Has everyone made and broken their New Year resolutions then?

I never do owt so rash as promise to change at New Year. I can think of nothing worse than removing clothing, doing without comfort food or taking up a new hobby in the darkest depths of winter when cash flow has slowed to a trickle.  I wait until early summer to come up with madcap ideas but be assured, I break my resolutions just as quickly as any made in January.

I wonder though if all this me-focus for making resolutions is a bit skewed. Maybe we'd have a greater chance of success if we resolved to help make a difference for others. It doesn't have to be a big gesture - looking out for an elderly neighbour, helping to tidy up a forlorn bit of community space, picking up litter whenever we see it - after all, every little helps.

Working as I do for a charity that supports vulnerable children and families, I spend a lot of my time thinking about the lot of some children in our communities.

Over the festive period, our charity, CHILDREN 1ST, ran a campaign to highlight the impact of violence in the home on children and young people in Scotland. In addressing or highlighting the issue of domestic violence, often we tend not to think about the effects on children who live with the fear of abuse and violence. 

Yet, there are literally tens of thousands who day in, day out, are afraid to go home, not knowing what might greet them.  And most of us dismiss an instinct or suspicion that something is not quite right behind closed doors, preferring to get on with our own lives.

Domestic violence is one of the reasons why so many children become homeless in Scotland.  Shelter Scotland also used the festive period to highlight the numbers of children who would be spending Christmas in temporary accommodation, without a home to call their own, or any of the comforts - a bed, a toybox, a garden - that make up a home. Homeless children suffer in terms of their physical, emotional and mental well-being. They tend to do less well at school and that impacts on their longer-term life chances.
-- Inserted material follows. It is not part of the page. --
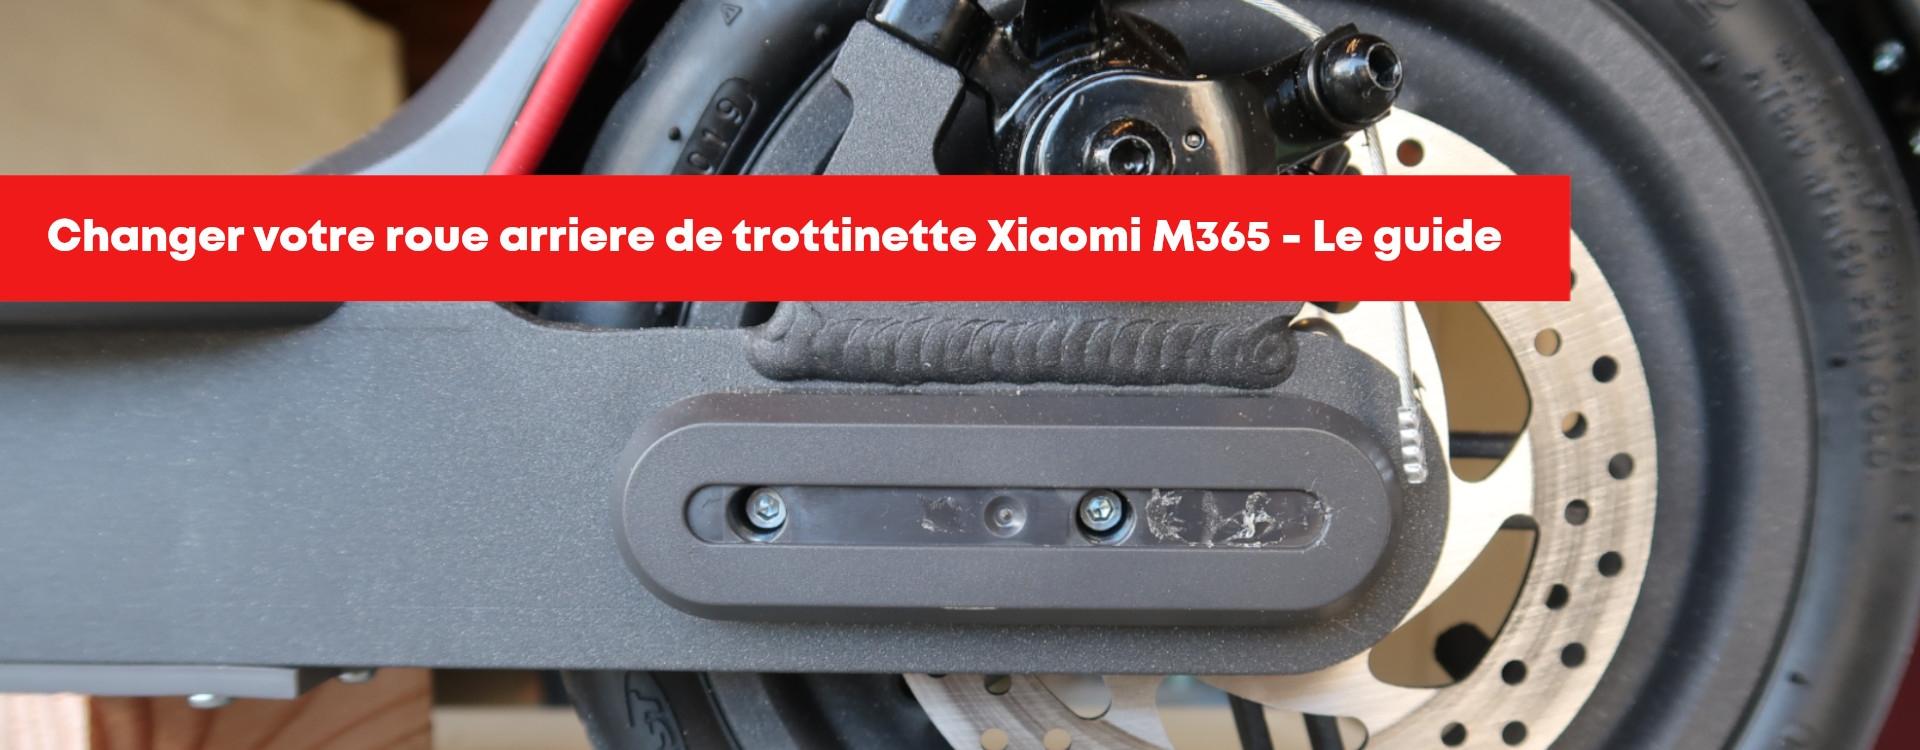 Comment changer votre roue arrière sur votre trottinette Xiaomi M365 ?

It says a lot about a society that thinks, or rather doesn't think or expend energy and resources, on protecting its most vulnerable citizens.  Increasingly, we take our lead from politicians and media who justify why some folk are worse off than others.  The idea of the deserving and undeserving poor is alive and well:  its arguments can be heard in conversations on the bus, in the pub and round the dinner table.

But what is it exactly that children have done to deserve a poor start in life?  It's hardly their fault that the adults in their lives have problems and issues. Indeed, such a narrative presumes that domestic violence and homelessness only ever happen to certain types of family, when the reality is that anyone can pick the wrong partner and anyone can lose a job and a decent income, particularly in the current climate.

It is simply unacceptable that there are tens of thousands of children in Scotland whose childhoods are blighted by society's failure to tackle big issues. Having a home is not a privilege, it's a right. Feeling safe and secure is a basic human requirement, not a luxury only available to some. By not acknowledging this, by continuing to turn a blind eye, by expecting someone else to do something, to keep our heads down and get on with getting on, by not taking a stand and saying not good enough, we are all complicit in consigning some children to the worst possible start in life. 

Maybe this year would be a good time to make a different kind of resolution: to do all that we can to ensure that all children don't lose out on their childhoods. To demand of our politicians a different approach, that puts children and their needs and interests first. To encourage our circle of family and friends to do more to protect vulnerable children. To contribute our own talents, time and yes, money to those charities and groups that work hard to ensure that children get a better start in life. 

Maybe if we all resolved to ensure no child is left behind, we can look forward to the day when all children in Scotland have the same chances of success in later life.  After all, we never know when we might need them to look out for us.